Когда раздался финальный свисток и комментатор озвучил счет, я кричала и танцевала, прыгая по комнате, вместе со стадионом! «2:1». Два один в пользу Португалии! Ураааааа! Захотелось станцевать бразильскую самбу и что-то раскрутить над головой и я, схватив с кресла футболку Сокола, запрыгала, двигая попой:
— Оле-оле-оле-оле! Португальцы молодцы-ы! Оле-оле-оле-оле! Итальяшки-и… и-индюки!

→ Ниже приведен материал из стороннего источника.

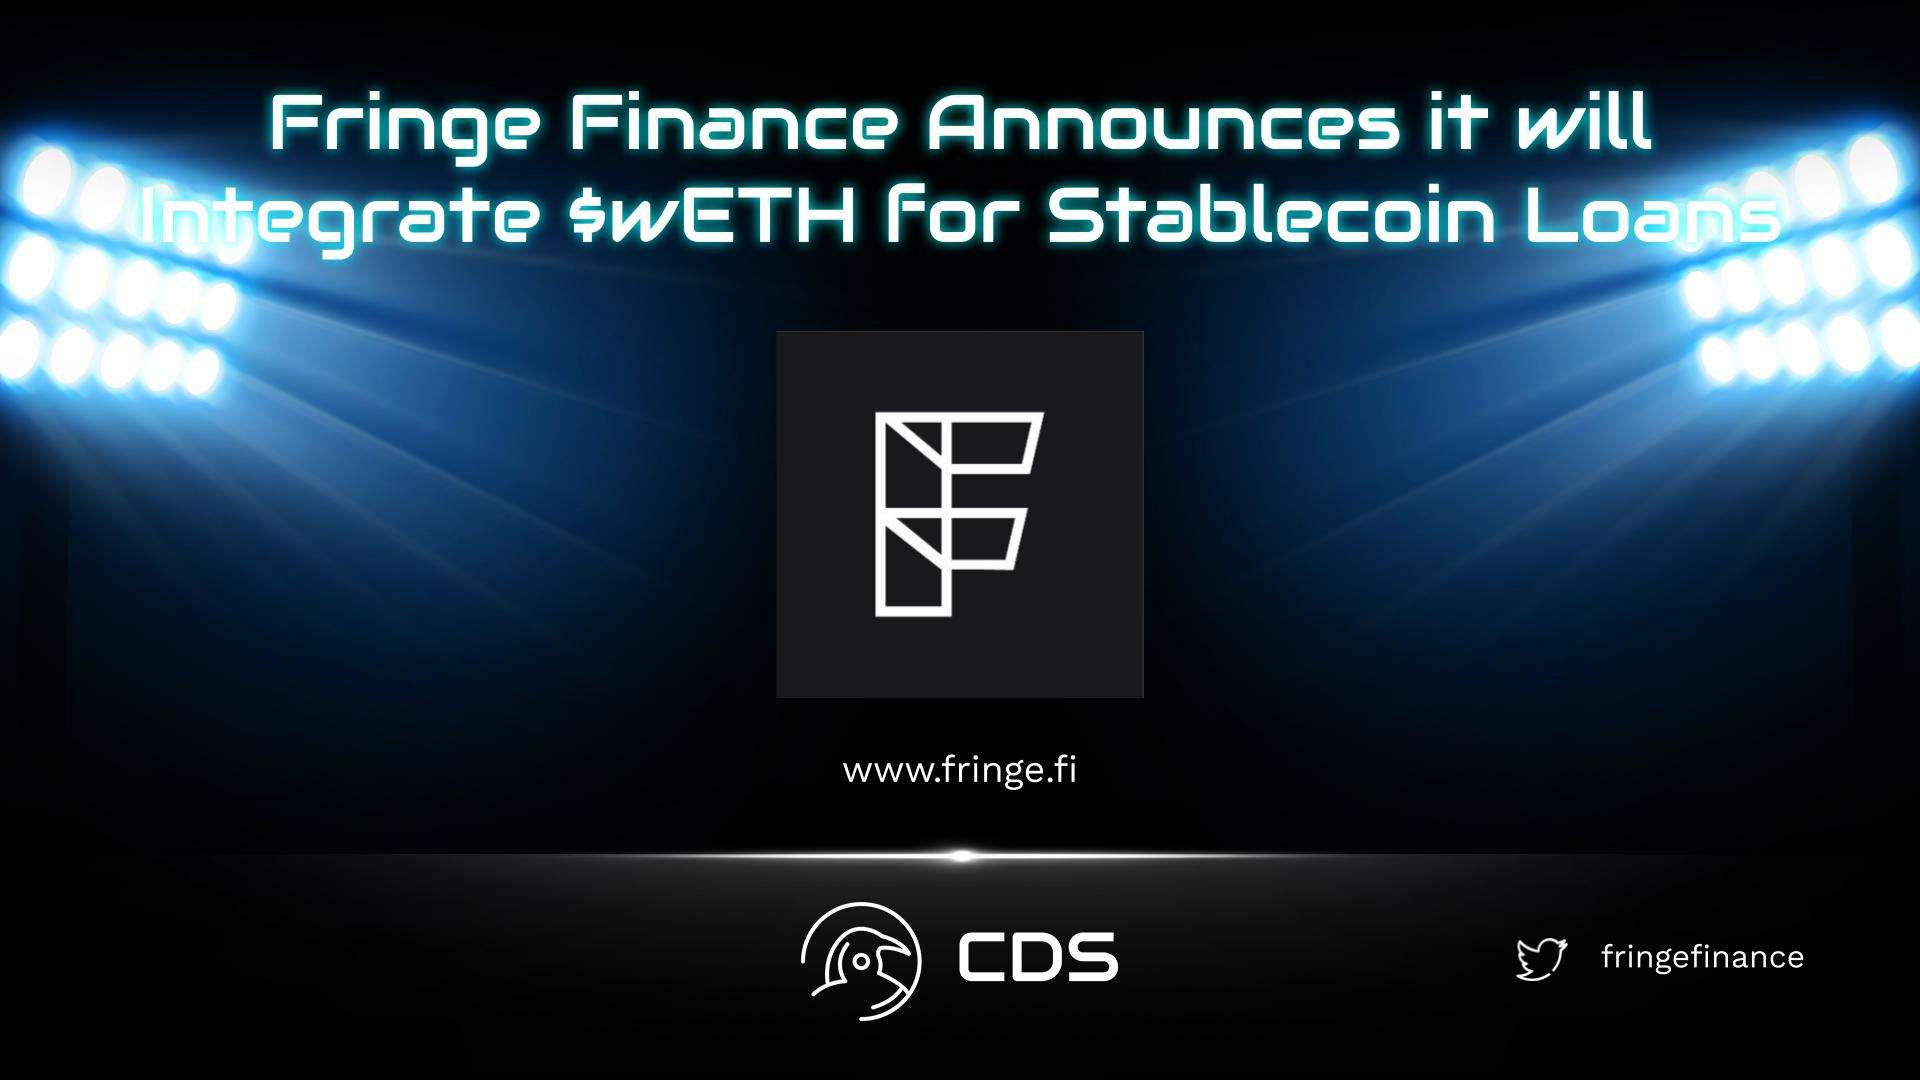 Fringe Finance Announces it will Integrate $wETH for Stablecoin Loans

Попа все еще вертелась в ритме самбы, футболка летала, но ноги уже остановились и улыбка пропала, когда взгляд неожиданно наткнулся на побледневшее лицо Сокольского, сейчас словно высеченное в камне — острые скулы, подбородок, твердая линия рта, и горящие жаром обиды глаза. Парень рывком поднялся с кровати и вырвал из моих рук футболку. Смяв ее в комок, отбросил в стену и грозно навис сверху.
— Индюки, говоришь? — сверкнул серыми как сталь глазами под темными бровями. — Такие, как я?! — прорычал. Ого, зверь, а не птица! — Да, Чиж? Ну, давай, изобрази на рисунке дураков с фингалами, как ты умеешь! Всю команду индюков вместе со мной! Сообща и посмеемся!
— Я? Я не! — убедительно мотнула головой.
— Что ты «не»?
— Никогда!
— Чего никогда?
— Всегда и везде! — сказала, как отрезала.
Этому приему меня научил папа. Называется «глупый постовой». Кто не знает в чем соль, объясняю. Если попал в затруднительную ситуацию, на любой вопрос, заданный в лоб, надо отвечать четко и уверенно. Все равно что, главное, не молчать! В свою очередь игре папу обучили его ученики, спасаясь от двоек, ну а он, рад стараться — дочь. И работает прием, я вам скажу! У любого учителя спросите. Рука не поднимется такому «постовому» кол влепить! Вот и сейчас Сокольский, глядя на меня, озадаченно заморгал и отступил, оценивая ущерб, нанесенный его рыком, моему мозгу.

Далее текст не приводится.